━━ Records provided

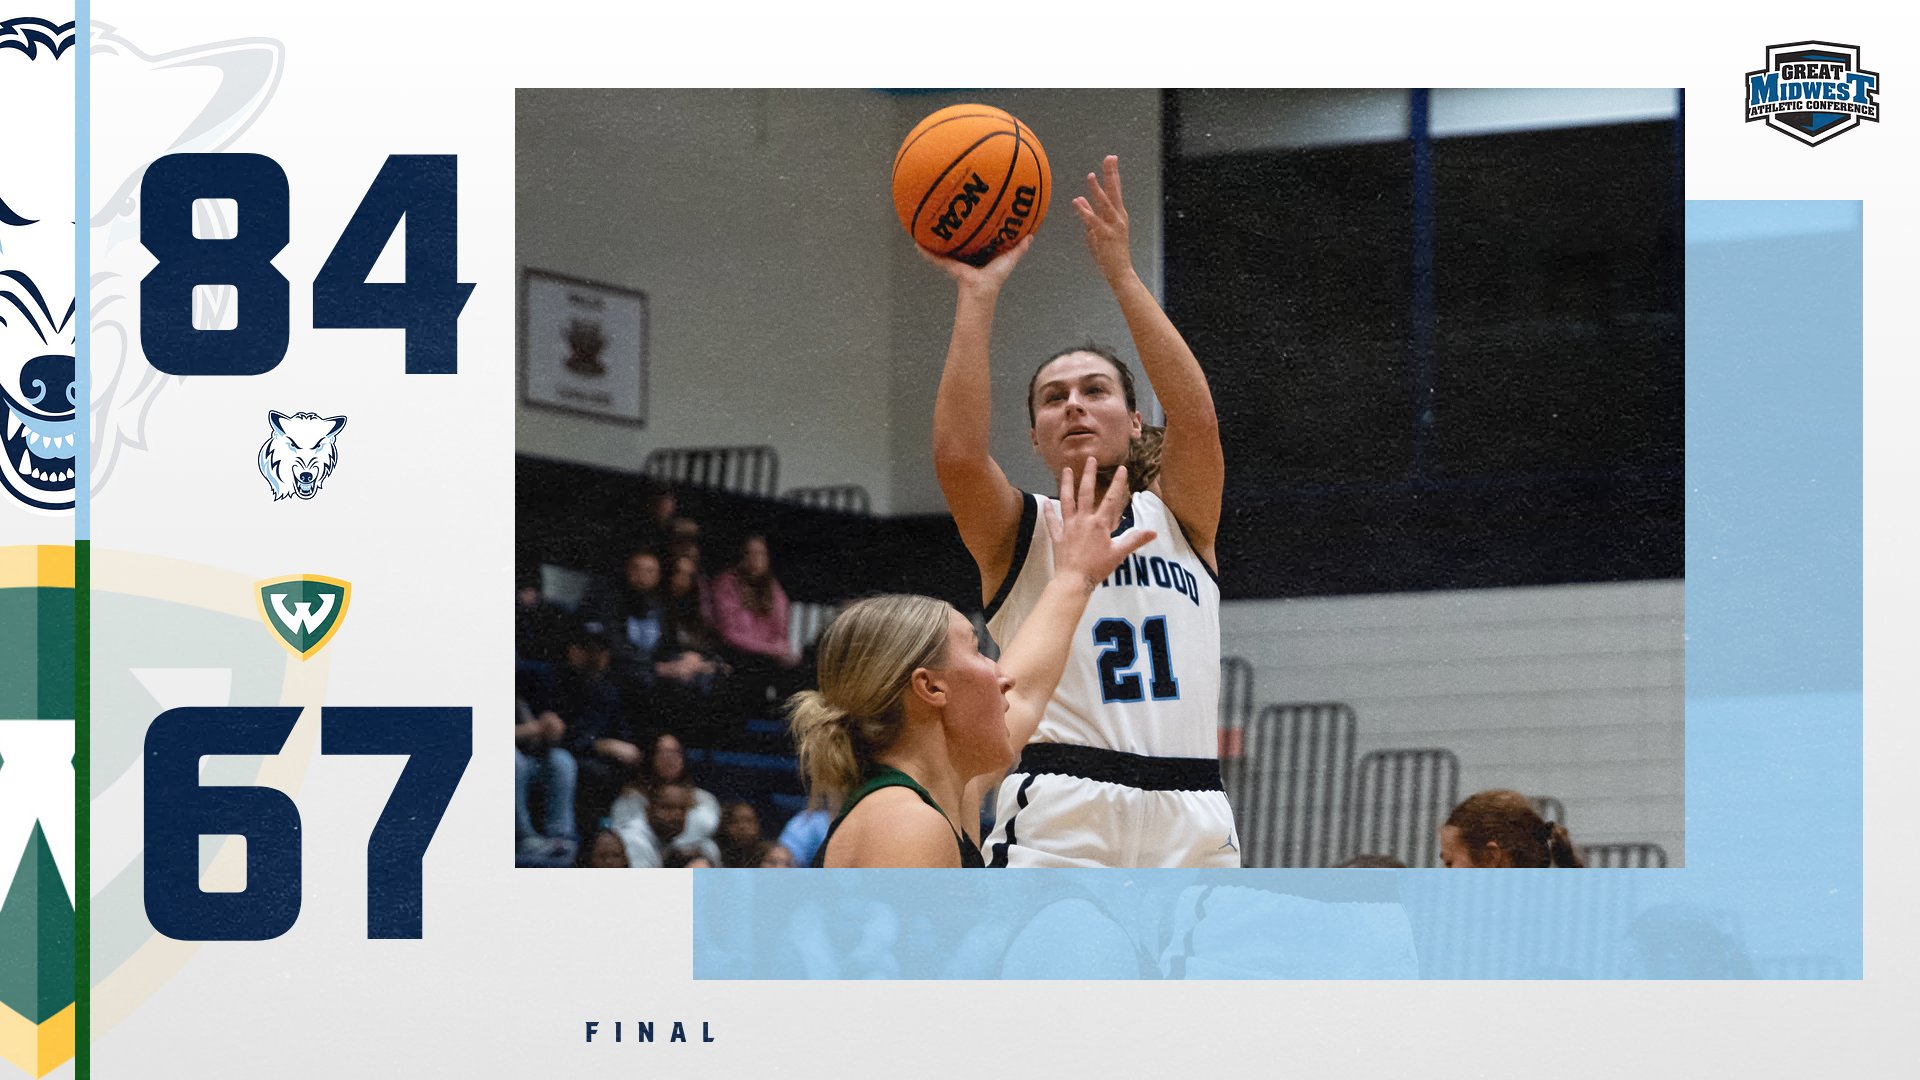 Women's Basketball Finishes 2023 With 84-67 Win Over Wayne State
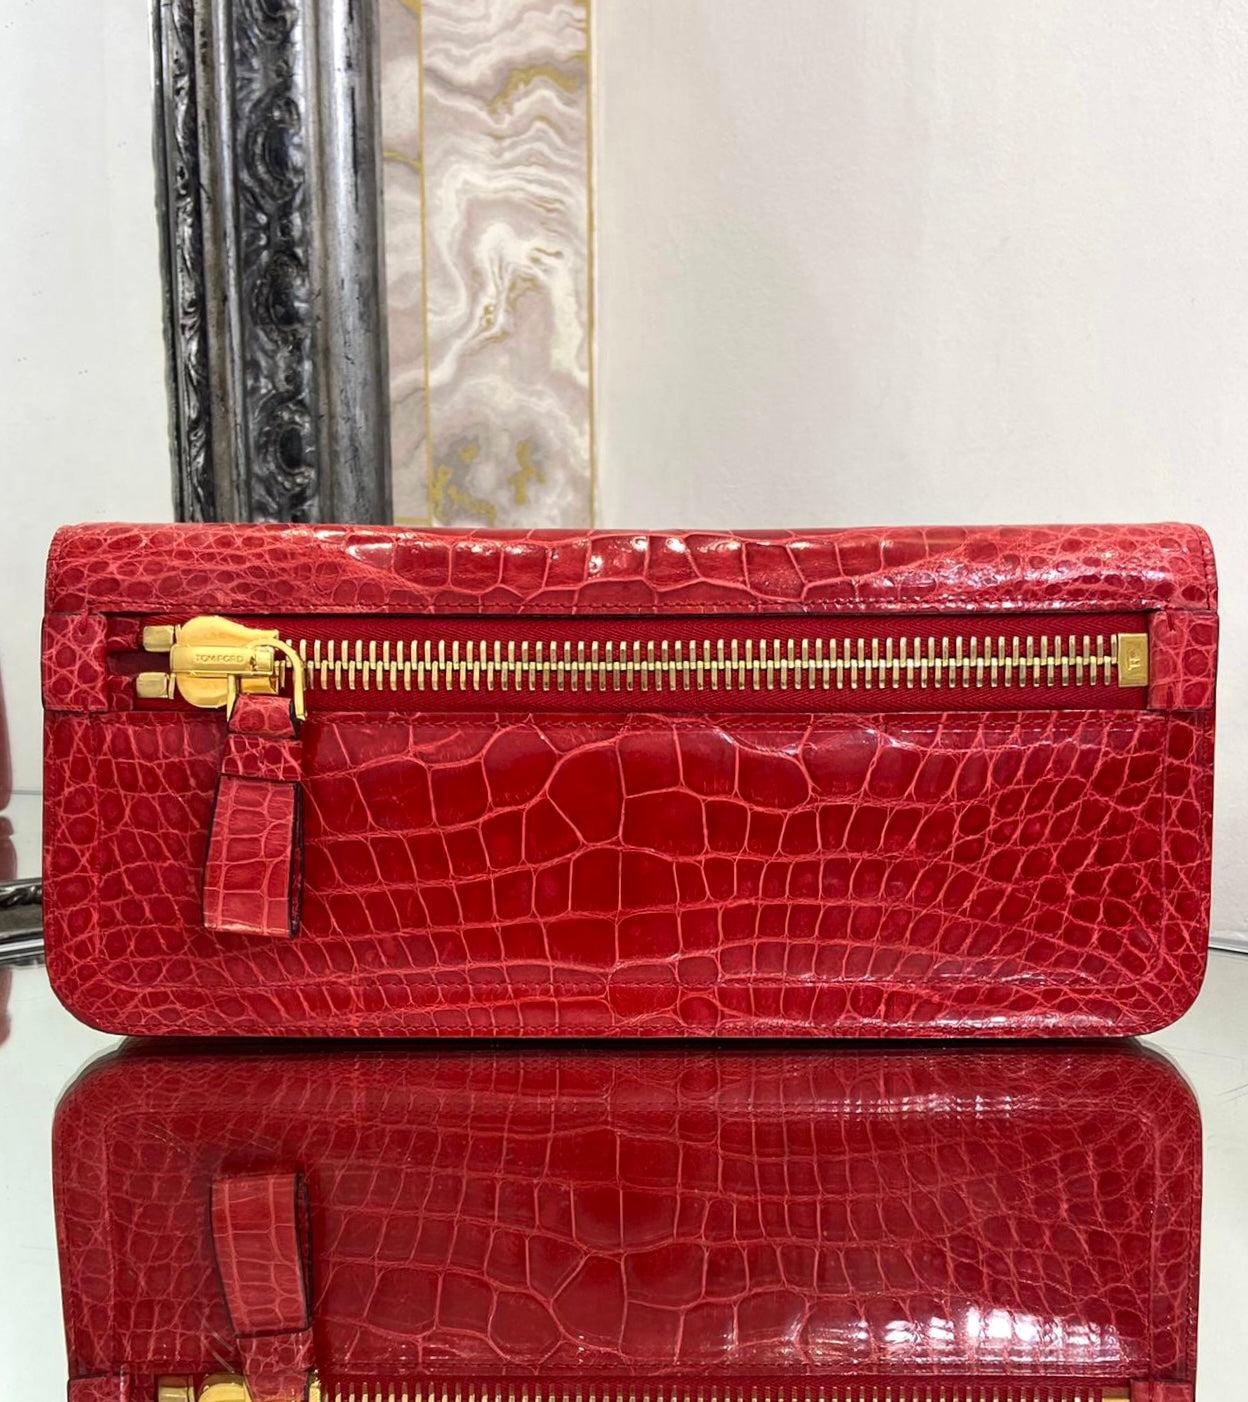 Tom Ford Alligator Skin Clutch Bag

Iconic oversized zip to the front. Gold hardware with snap closure and lined with red suede. One zip pocket to the inside.

Additional information:
Size – 30.5 W x 4 D x 14 H cm
Composition- Alligator Skin
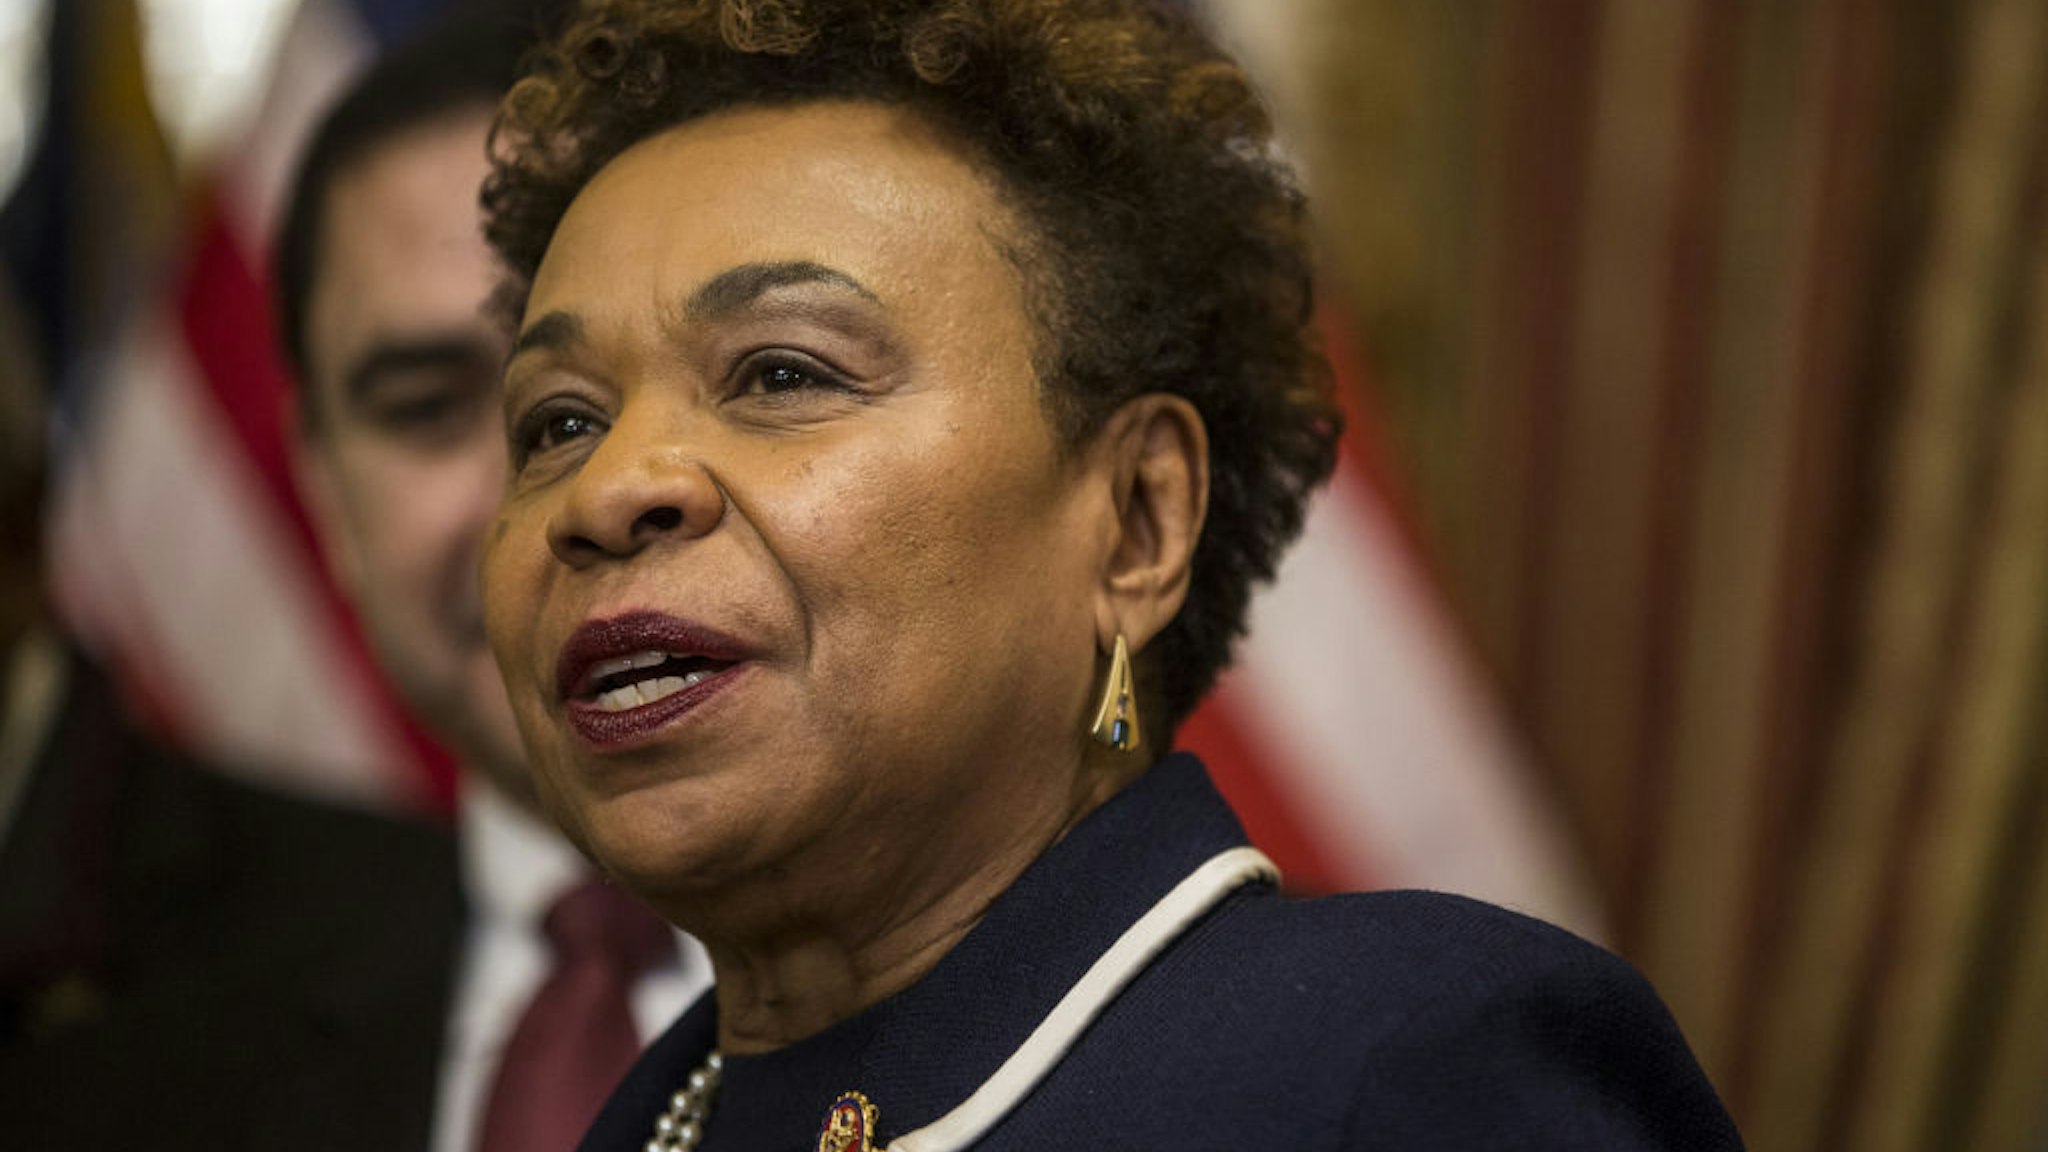 Representative Barbara Lee, a Democrat from California, speaks during an enrollment ceremony on Capitol Hill in Washington, D.C., U.S., on Feb. 14, 2019. Congress sent President Donald Trump legislation he said he'll sign to avoid another government shutdown, as a new dispute looms over his decision to declare a national emergency to get a total of $8 billion in federal money for his border wall, according to an official.
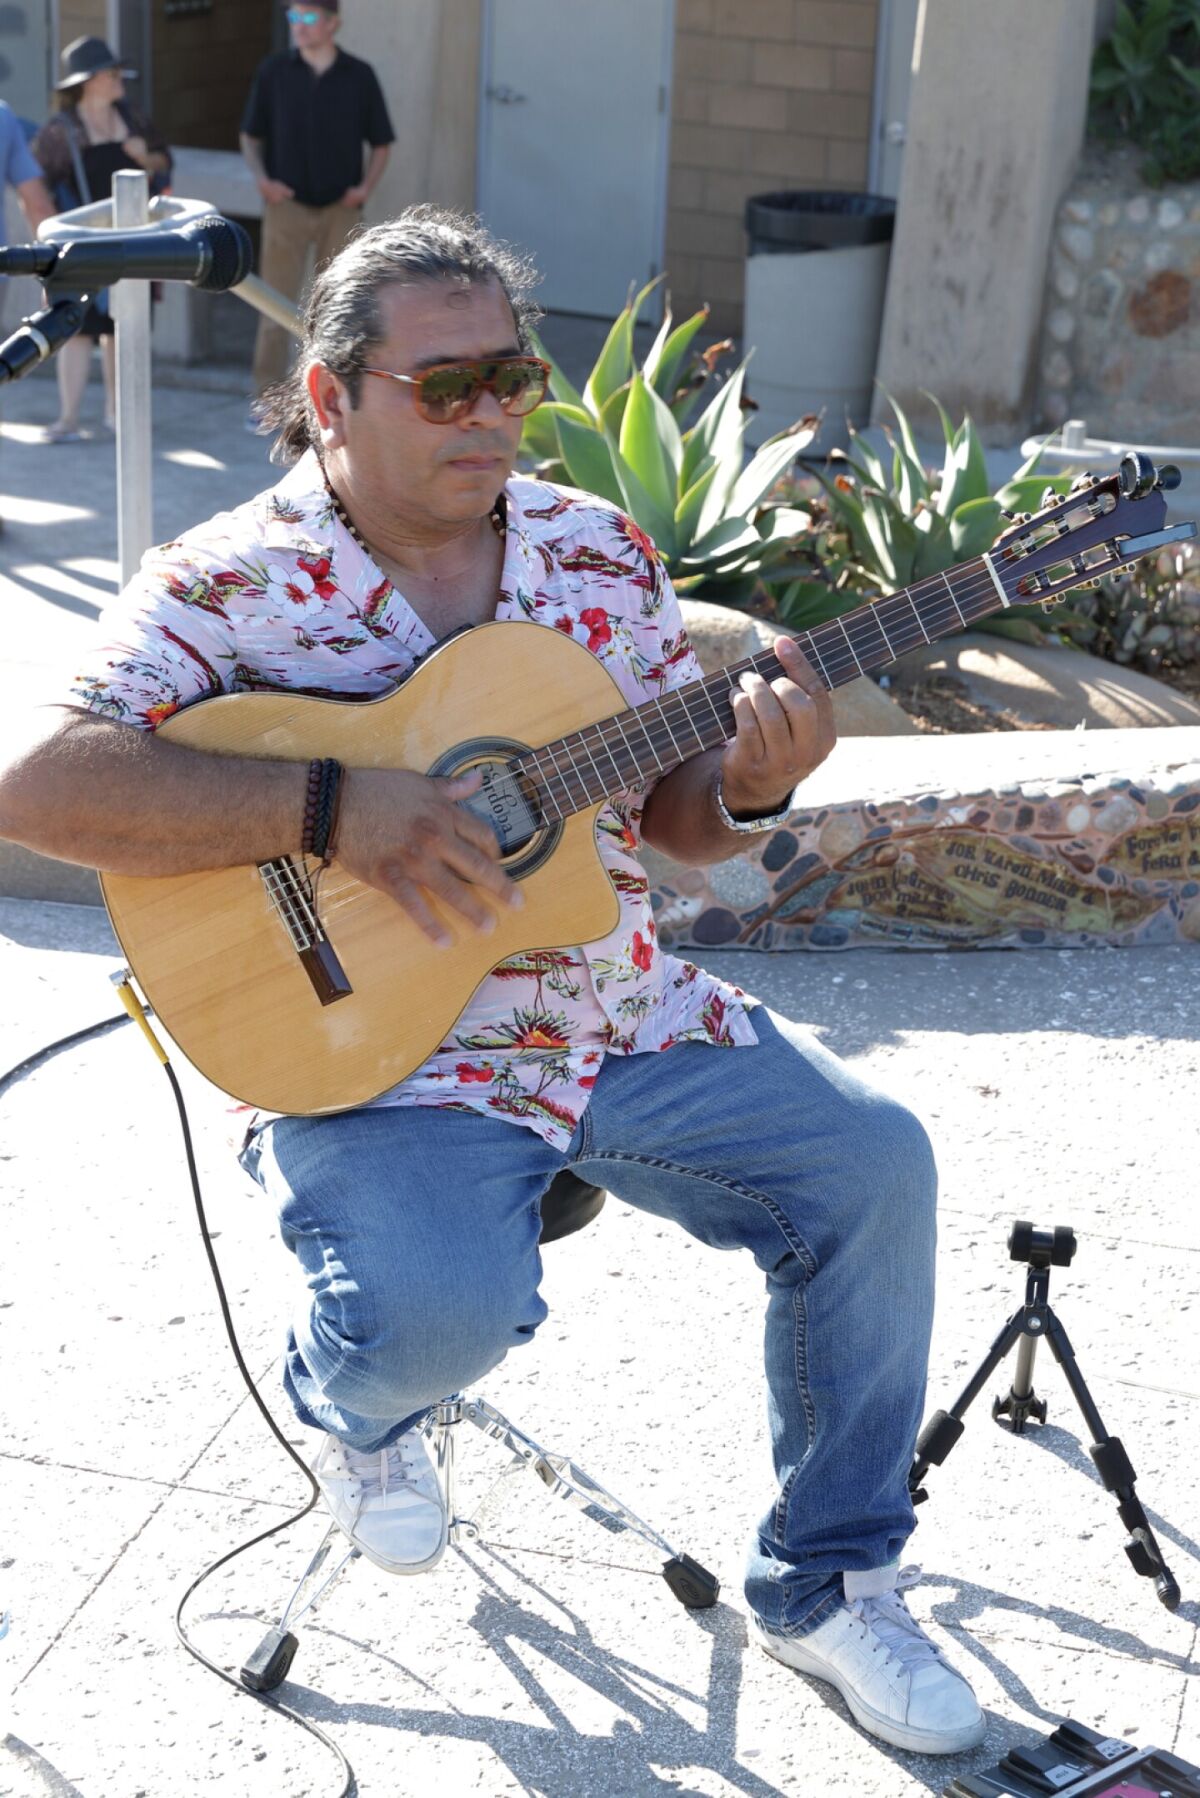 Guitarist Sergio D. Tala was the featured performer at the June 23 Concerts at the Cove event in Solana Beach.

━━━━

■ Work task
Each line of the listing is to be retyped exactly, and its pictures are to be dropped.

■ Answer to this exercise
 Women's Basketball Finishes 2023 With 84-67 Win Over Wayne State
 Tom Ford Alligator Skin Clutch Bag

Iconic oversized zip to the front. Gold hardware with snap closure and lined with red suede. One zip pocket to the inside.

Additional information:
Size – 30.5 W x 4 D x 14 H cm
Composition- Alligator Skin
 Representative Barbara Lee, a Democrat from California, speaks during an enrollment ceremony on Capitol Hill in Washington, D.C., U.S., on Feb. 14, 2019. Congress sent President Donald Trump legislation he said he'll sign to avoid another government shutdown, as a new dispute looms over his decision to declare a national emergency to get a total of $8 billion in federal money for his border wall, according to an official.
 Guitarist Sergio D. Tala was the featured performer at the June 23 Concerts at the Cove event in Solana Beach.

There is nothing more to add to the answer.